• **Supplied material**

▽

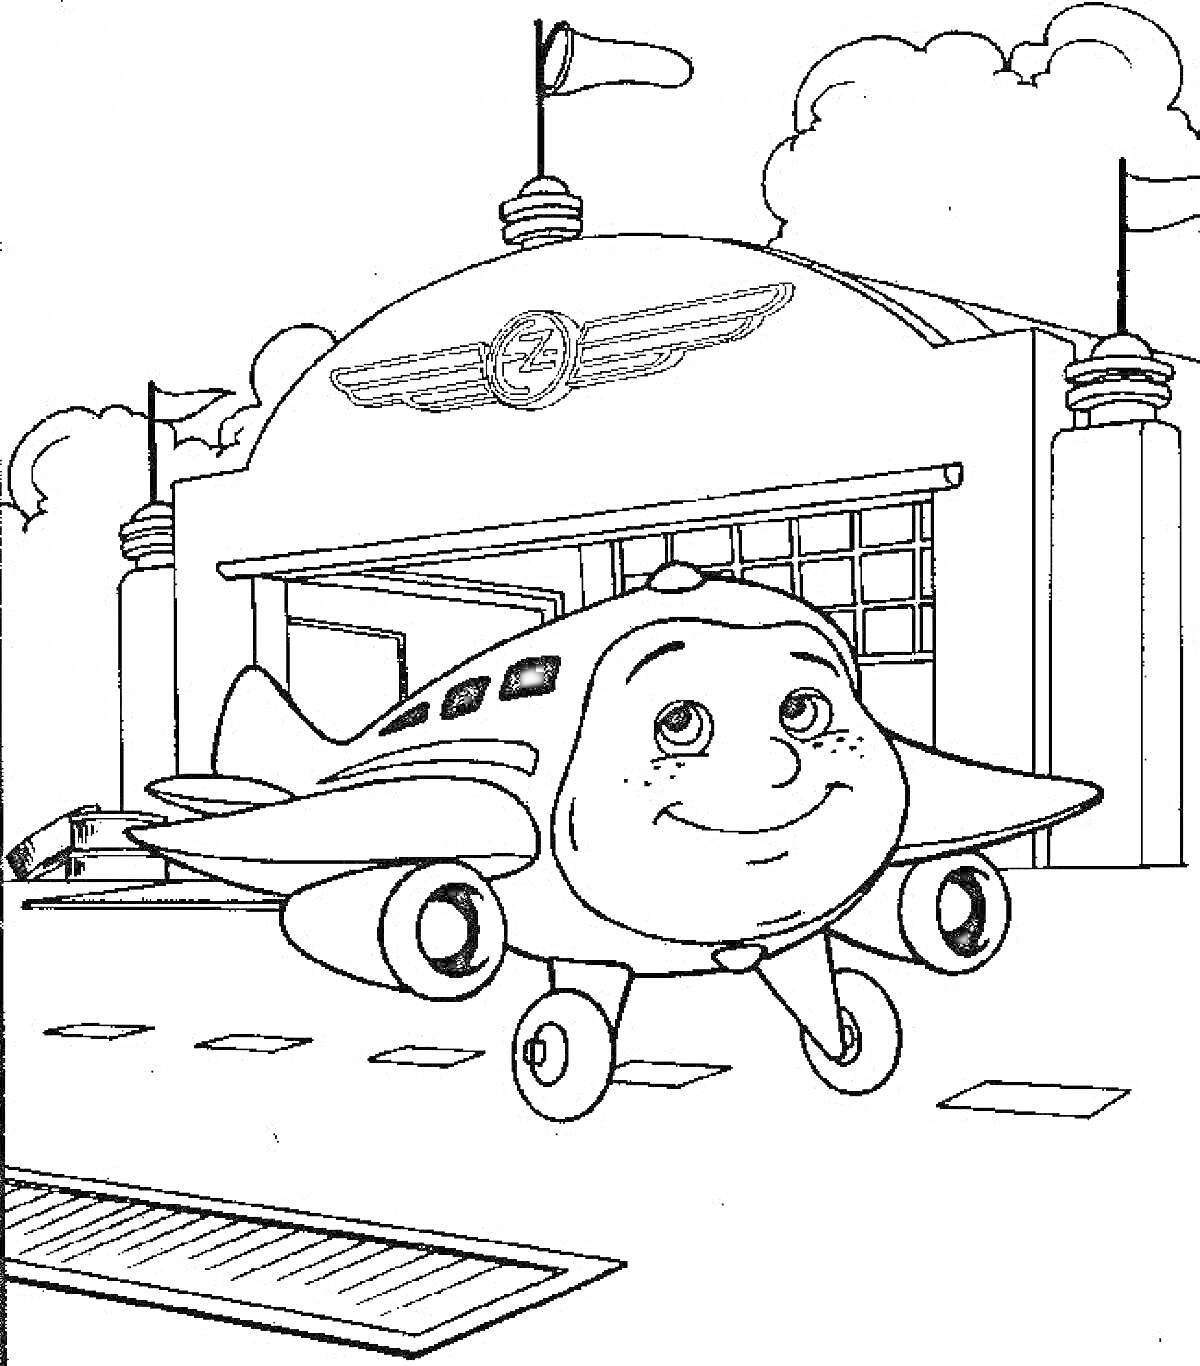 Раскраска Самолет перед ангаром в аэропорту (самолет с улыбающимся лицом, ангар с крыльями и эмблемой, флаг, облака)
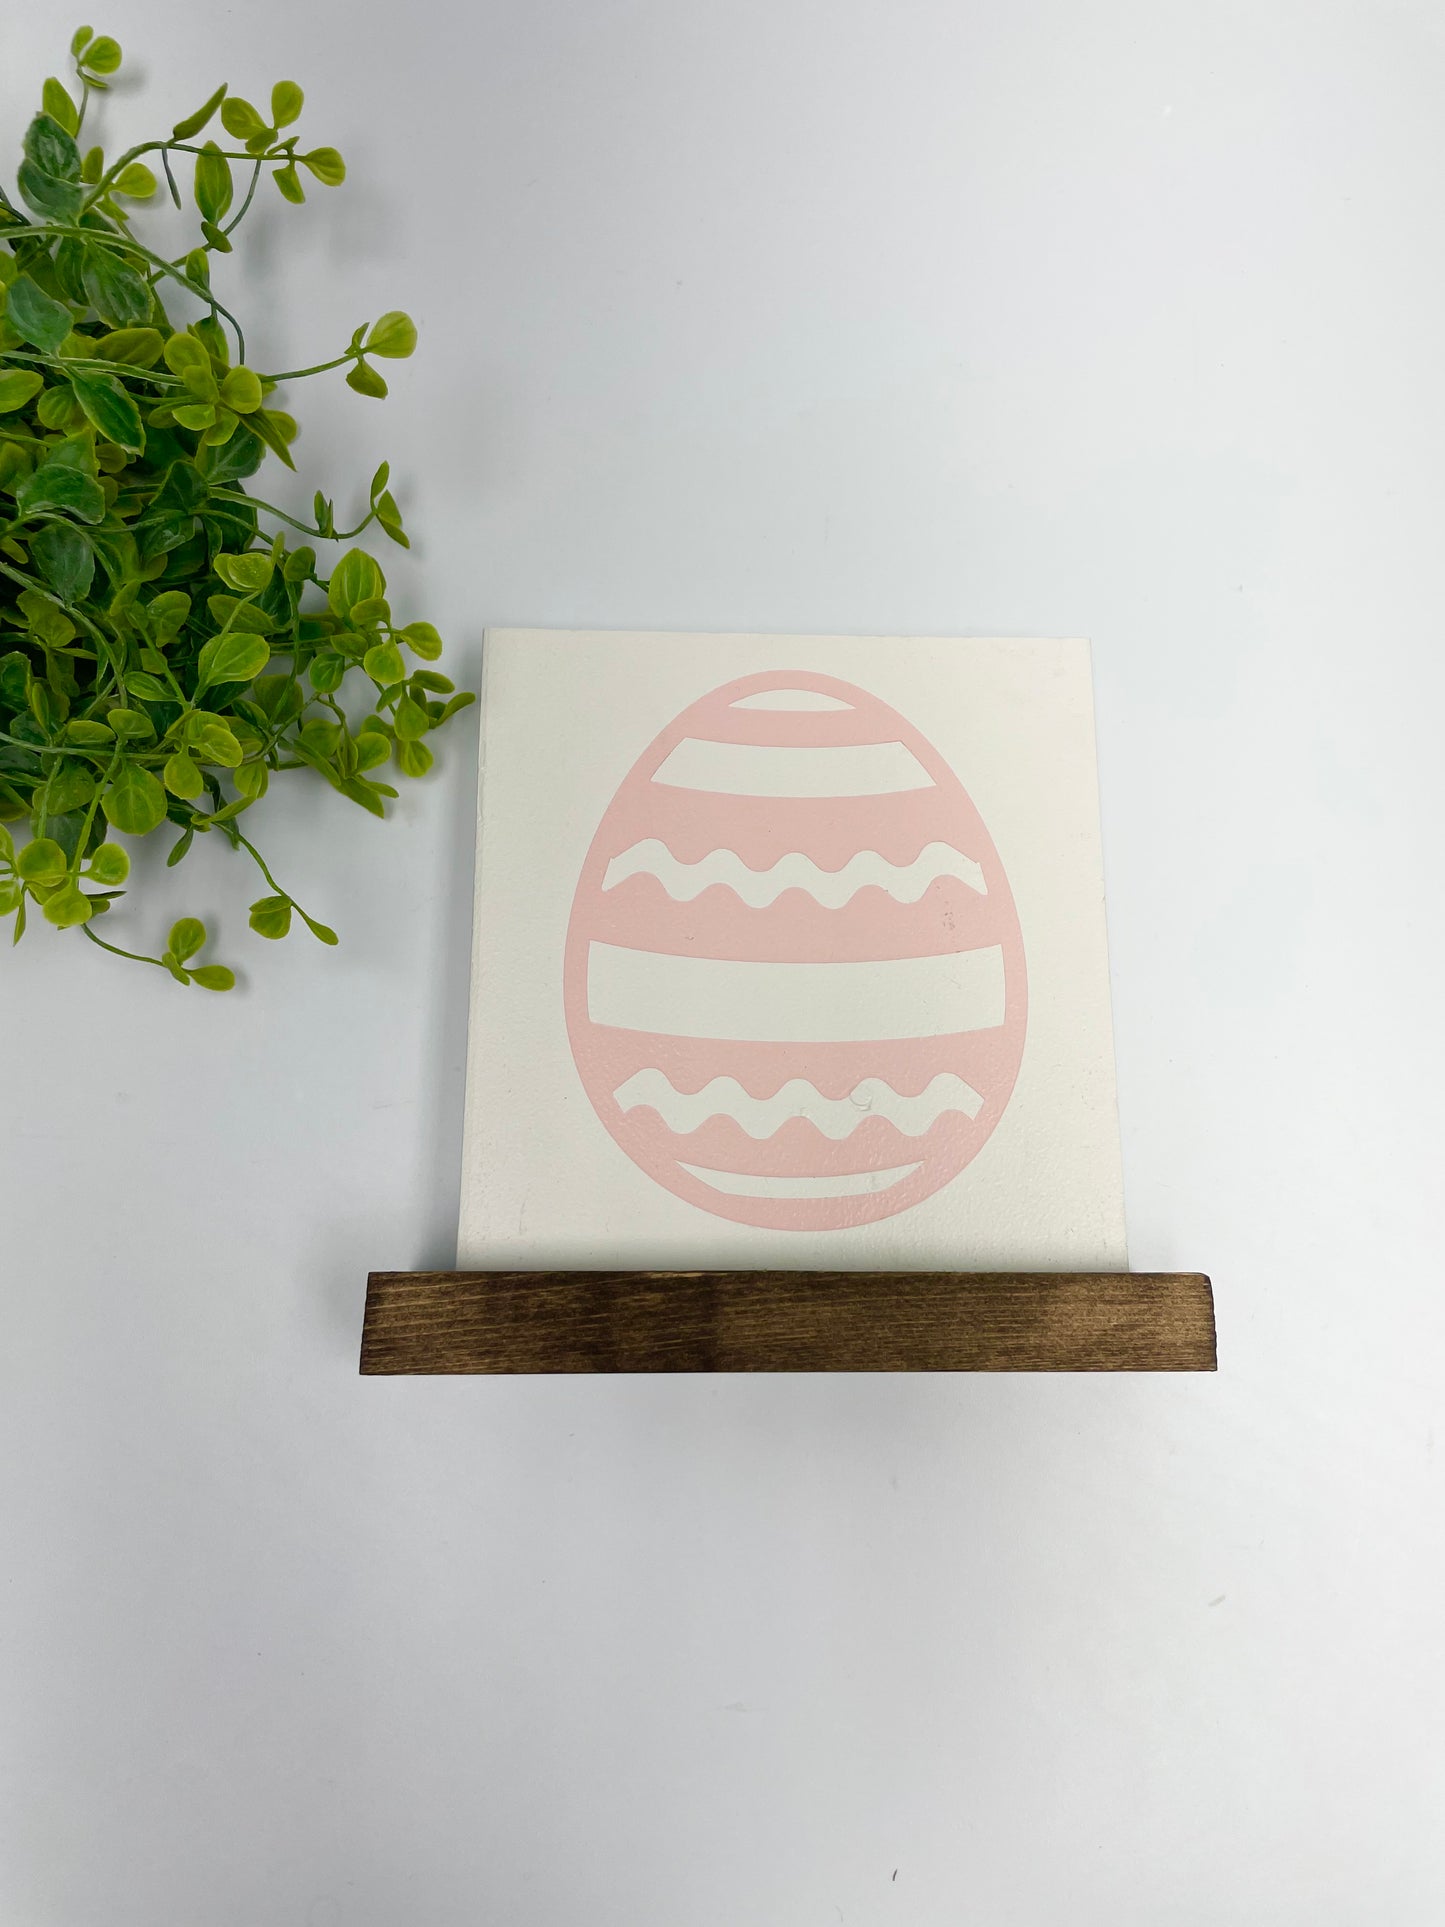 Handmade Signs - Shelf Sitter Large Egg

△
▽

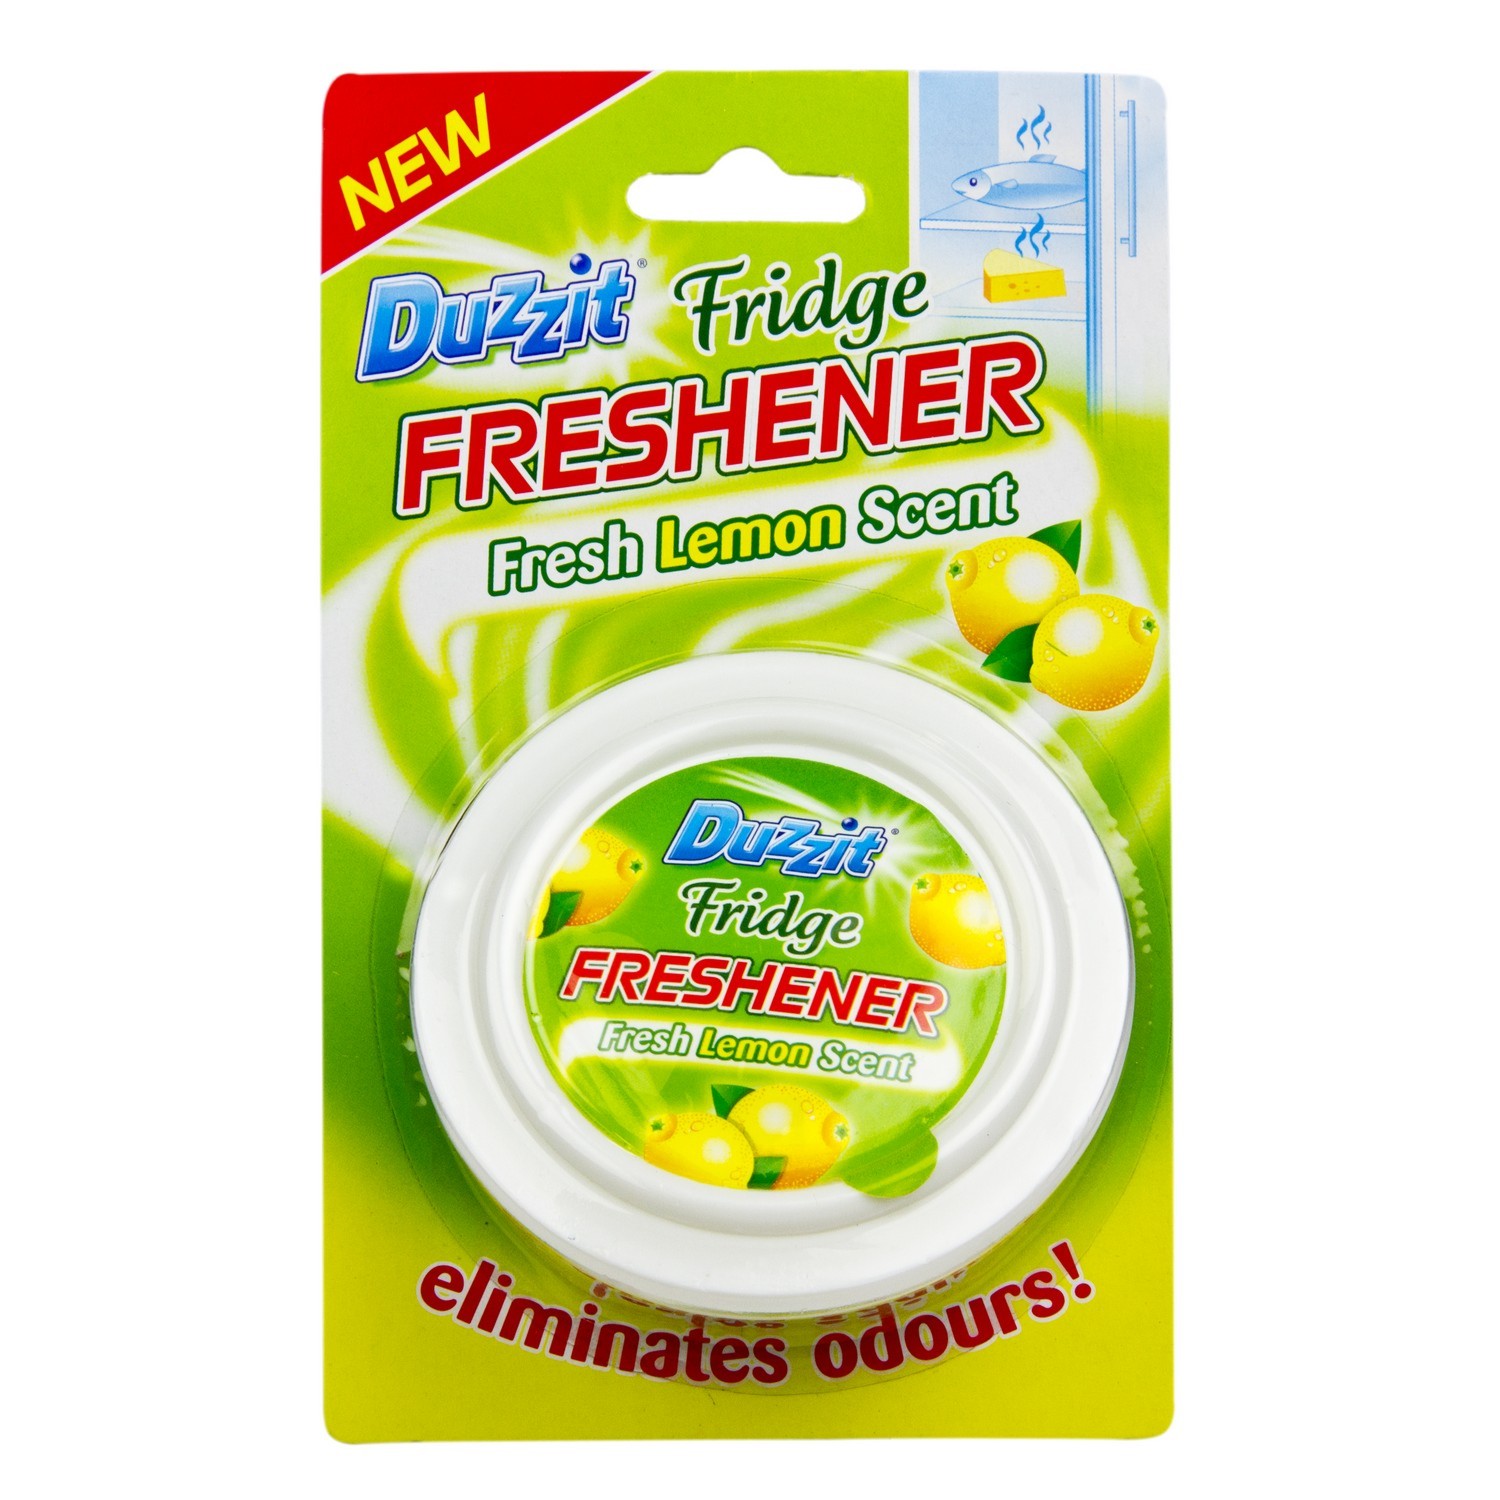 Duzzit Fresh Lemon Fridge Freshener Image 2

△
▽

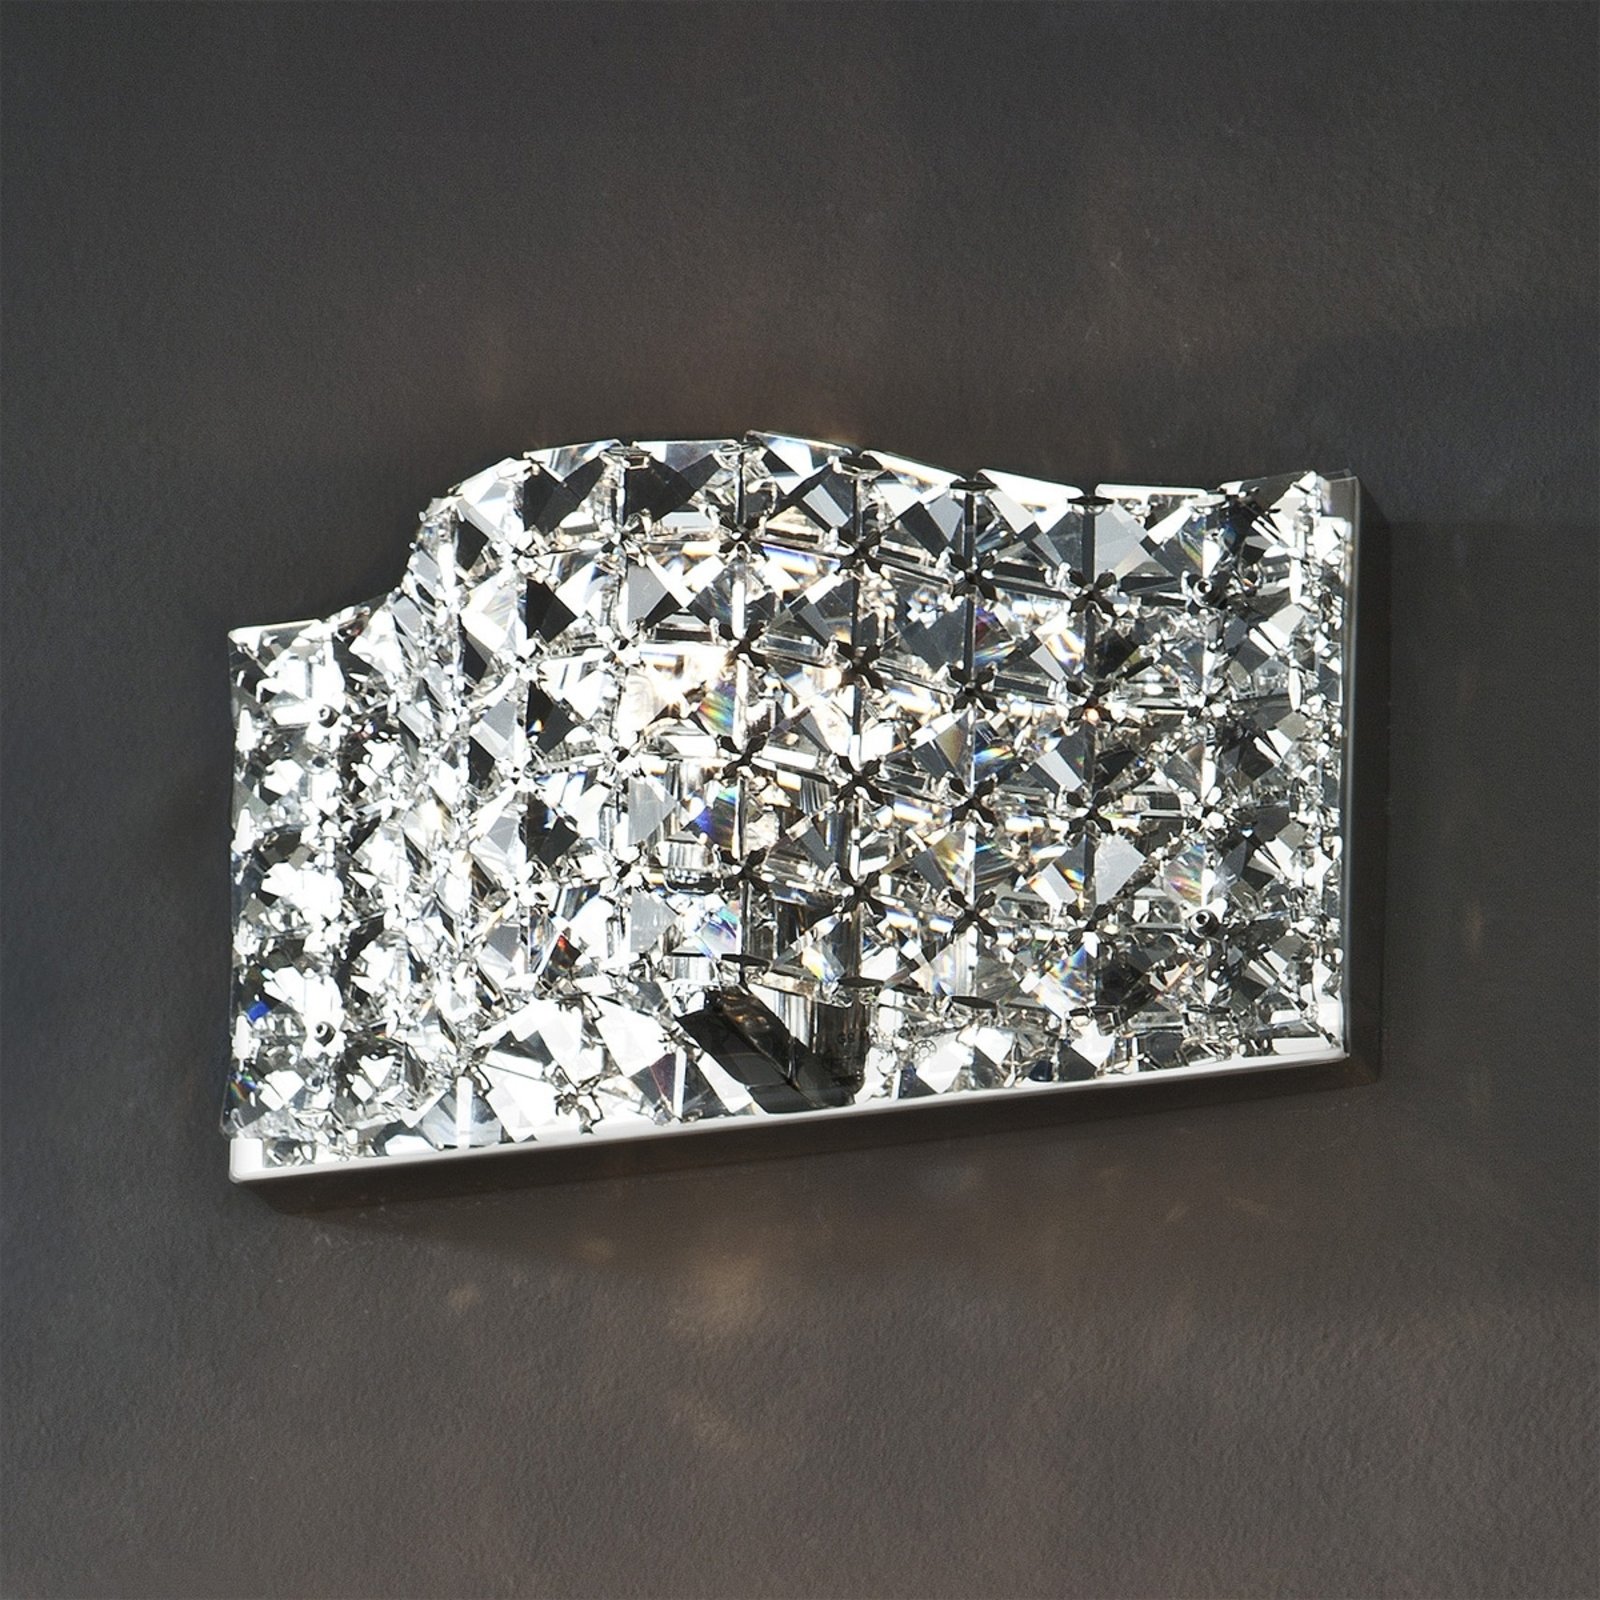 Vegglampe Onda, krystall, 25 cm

△

• **Aim of the exercise**
Using the data above, print only the lines starting at the one with "Раскраска Самолет перед" and ending at the one with "Handmade Signs - Shelf Sitter Large Egg", exactly as they stand, minus the pictures.

• **Solution to the problem**
 Раскраска Самолет перед ангаром в аэропорту (самолет с улыбающимся лицом, ангар с крыльями и эмблемой, флаг, облака)
 Handmade Signs - Shelf Sitter Large Egg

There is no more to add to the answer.